Reputation: 1630
I'm recoding multiple columns in a dataframe and have come across a strange result that I can't quite figure out. I'm probably not recoding in the most efficient manner possible, but it's mostly the error that I'm hoping someone can explain.
s1 = pd.DataFrame([np.nan, '1', '2', '3', '4', '5'], columns=['col1'])
s2 = pd.DataFrame([np.nan, 1, 2, 3, 4, 5], columns=['col1'])
s1_dic = {np.nan: np.nan, '1': 1, '2':2, '3':3, '4':3, '5':3}
s2_dic = {np.nan: np.nan, 1: 1, 2:2, 3:3, 4:3, 5:3}
s1['col1'].apply(lambda x: s1_dic[x])
s2['col1'].apply(lambda x: s2_dic[x])
s1 works fine, but when I try to do the same thing with a list of integers and a np.nan, I get KeyError: nan
which is confusing.
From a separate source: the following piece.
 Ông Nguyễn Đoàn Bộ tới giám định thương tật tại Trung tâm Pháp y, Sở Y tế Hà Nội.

Any help would be appreciated.
Upvotes: 3
Views: 2358
Reputation: 375405
A workaround is to use the get dict method, rather than the lambda:
In [11]: s1['col1'].apply(s1_dic.get)
Out[11]:
0 NaN
1 1
2 2
3 3
4 3
5 3
Name: col1, dtype: float64
In [12]: s2['col1'].apply(s2_dic.get)
Out[12]:
0 NaN
1 1
2 2
3 3
4 3
5 3
Name: col1, dtype: float64
It's not clear to me right now why this is different...
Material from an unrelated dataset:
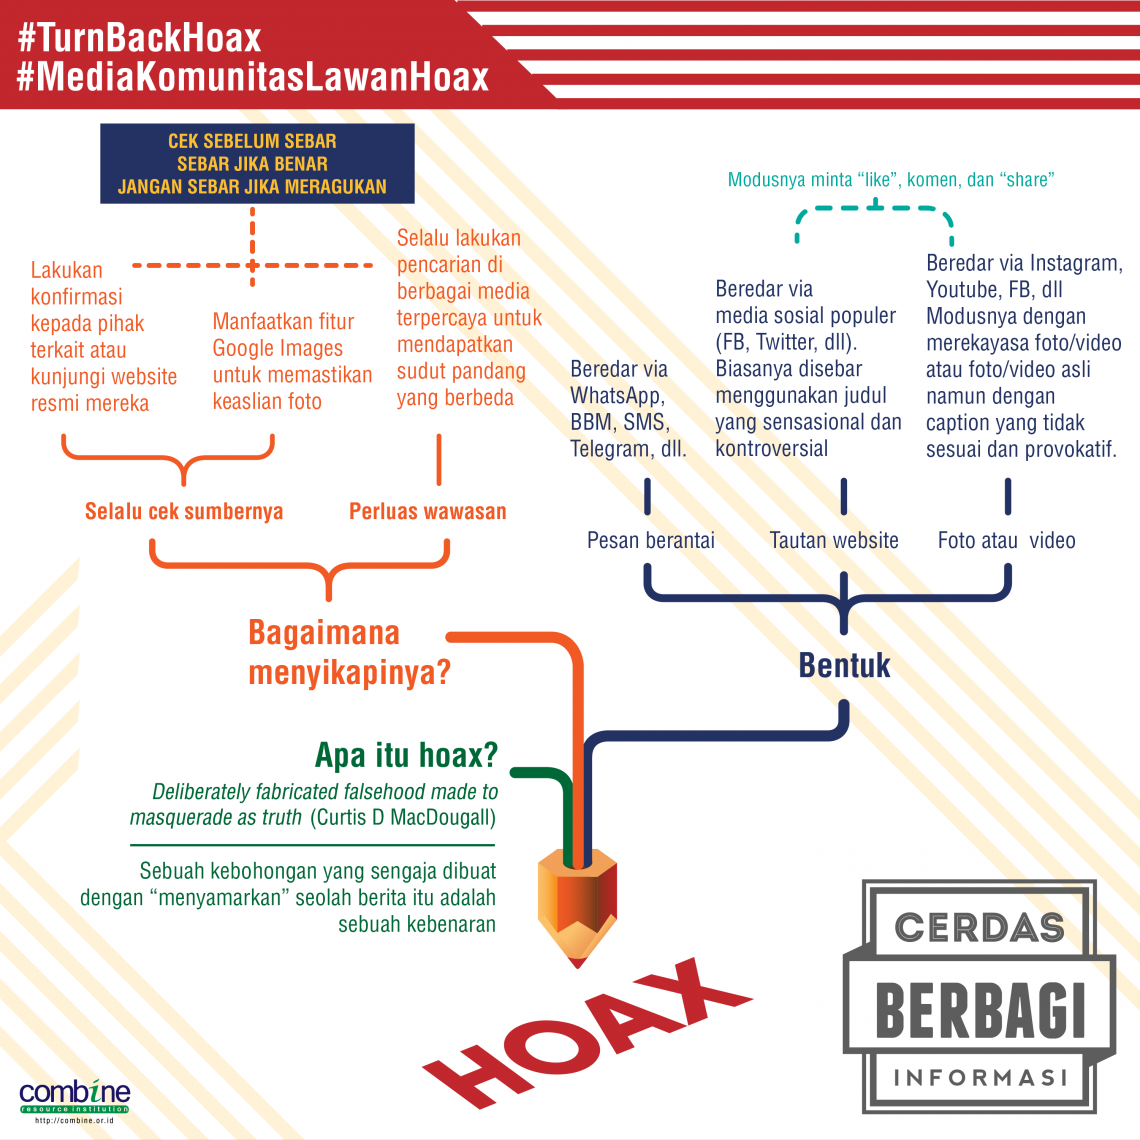 Infografis tentang hoaks

Note: the dicts can be accessed by nan:
In [21]: s1_dic[np.nan]
Out[21]: nan
In [22]: s2_dic[np.nan]
Out[22]: nan
and hash(np.nan) == 0
so it's not that...
Update: Apparently the issue is with np.nan
vs np.float64(np.nan)
, the former has np.nan is np.nan
(because np.nan
is bound to a specific instantiated nan object) whilst float('nan') is not float('nan')
:
This means that get won't find float('nan')
:
In [21]: nans = [float('nan') for _ in range(5)]
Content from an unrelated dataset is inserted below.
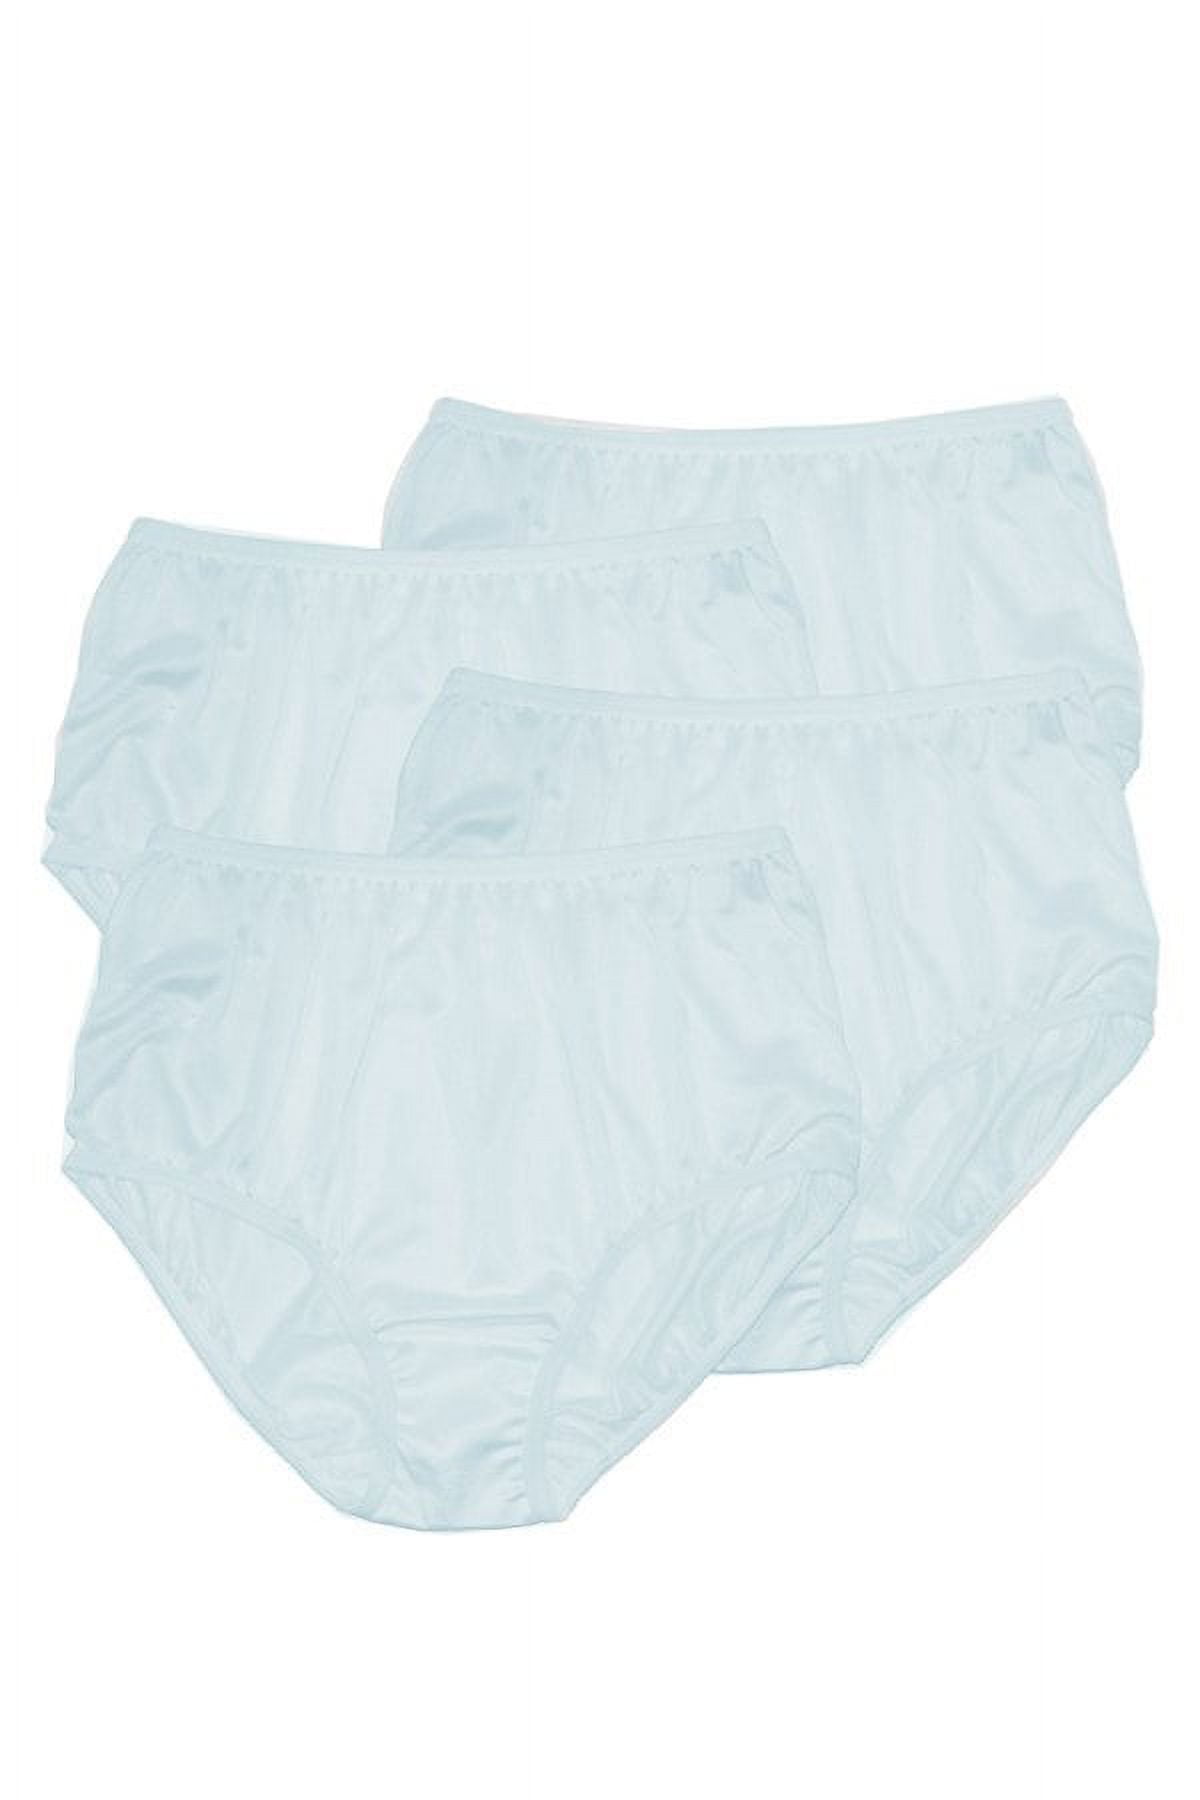 Teri Women's 331 Full Cut Nylon Brief Panty - 4 Pack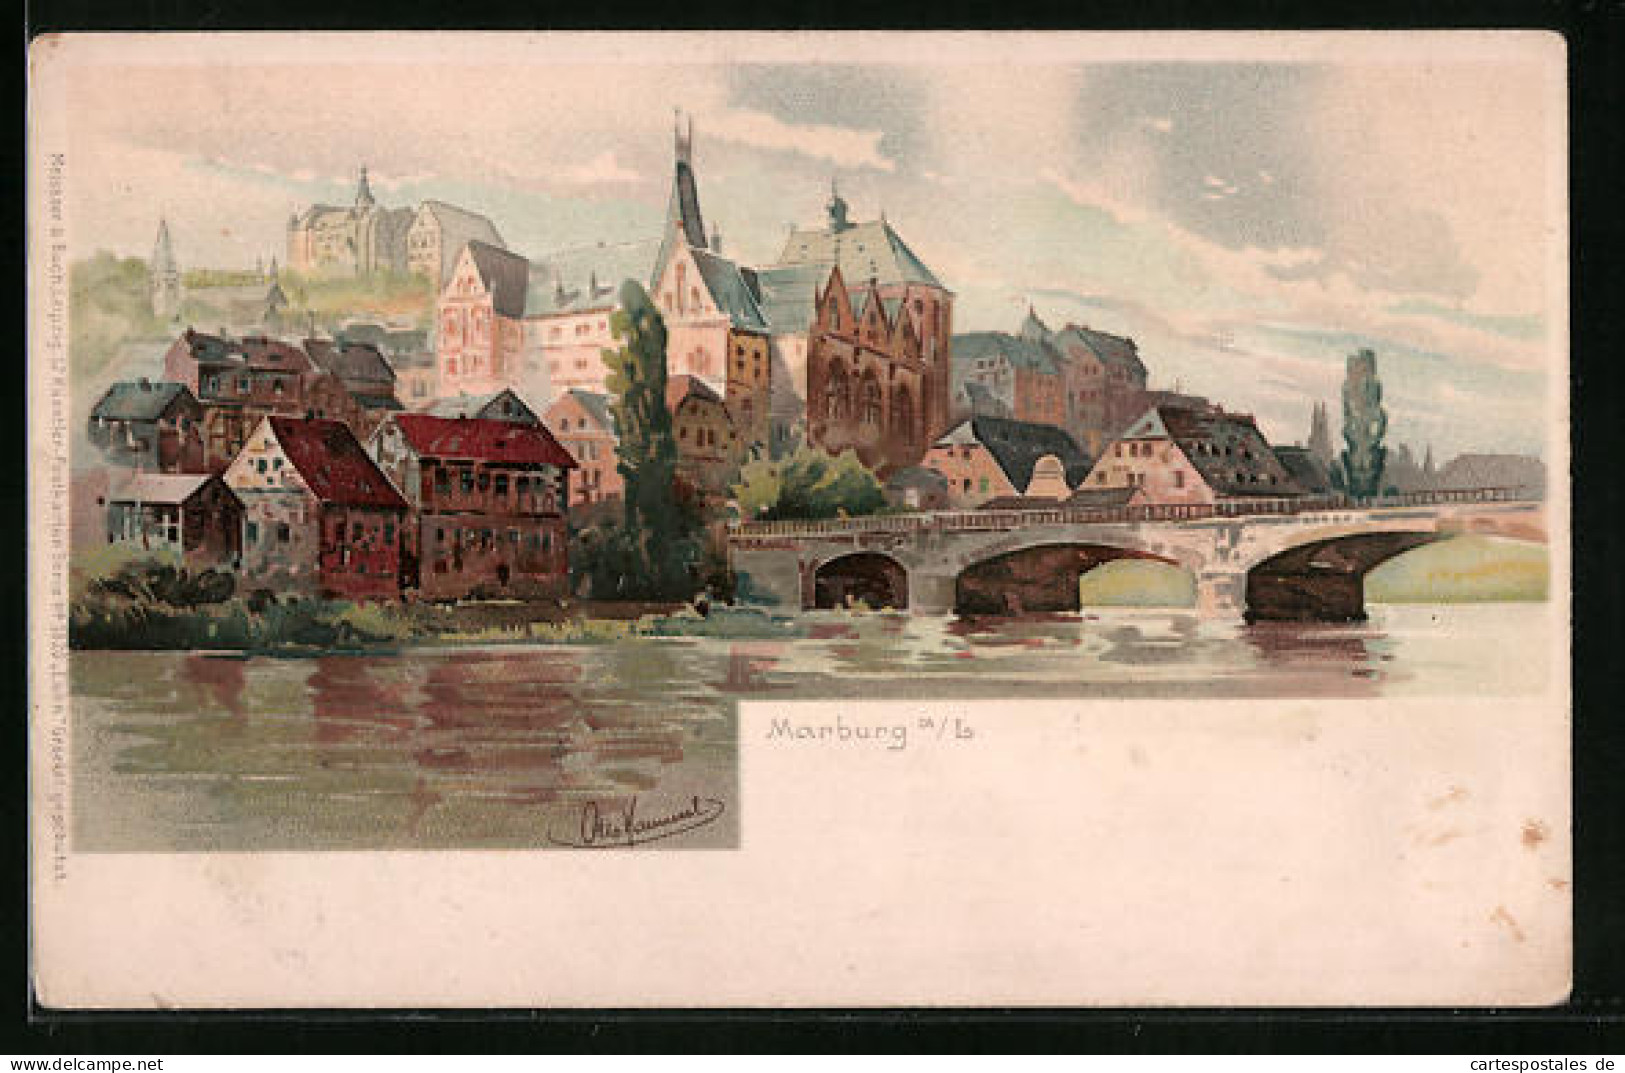 Lithographie Marburg A. L., Uferpartie Mit Brücke  - Marburg

In [22]: {f: 1 for f in nans}
Out[22]: {nan: 1, nan: 1, nan: 1, nan: 1, nan: 1}
This means you can actually retrieve the nans from a dict, any such retrieval would be implementation specific! In fact, as the dict uses the id of these nans, this entire behavior above may be implementation specific (if nan shared the same id, as they may do in a REPL/ipython session).
You can catch the nullness beforehand:
In [31]: s2['col1'].apply(lambda x: s2_dic[x] if pd.notnull(x) else x)
Out[31]:
0 NaN
1 1
2 2
3 3
4 3
5 3
Name: col1, dtype: float64
But I think the original suggestion of using .get is a better option.
Upvotes: 2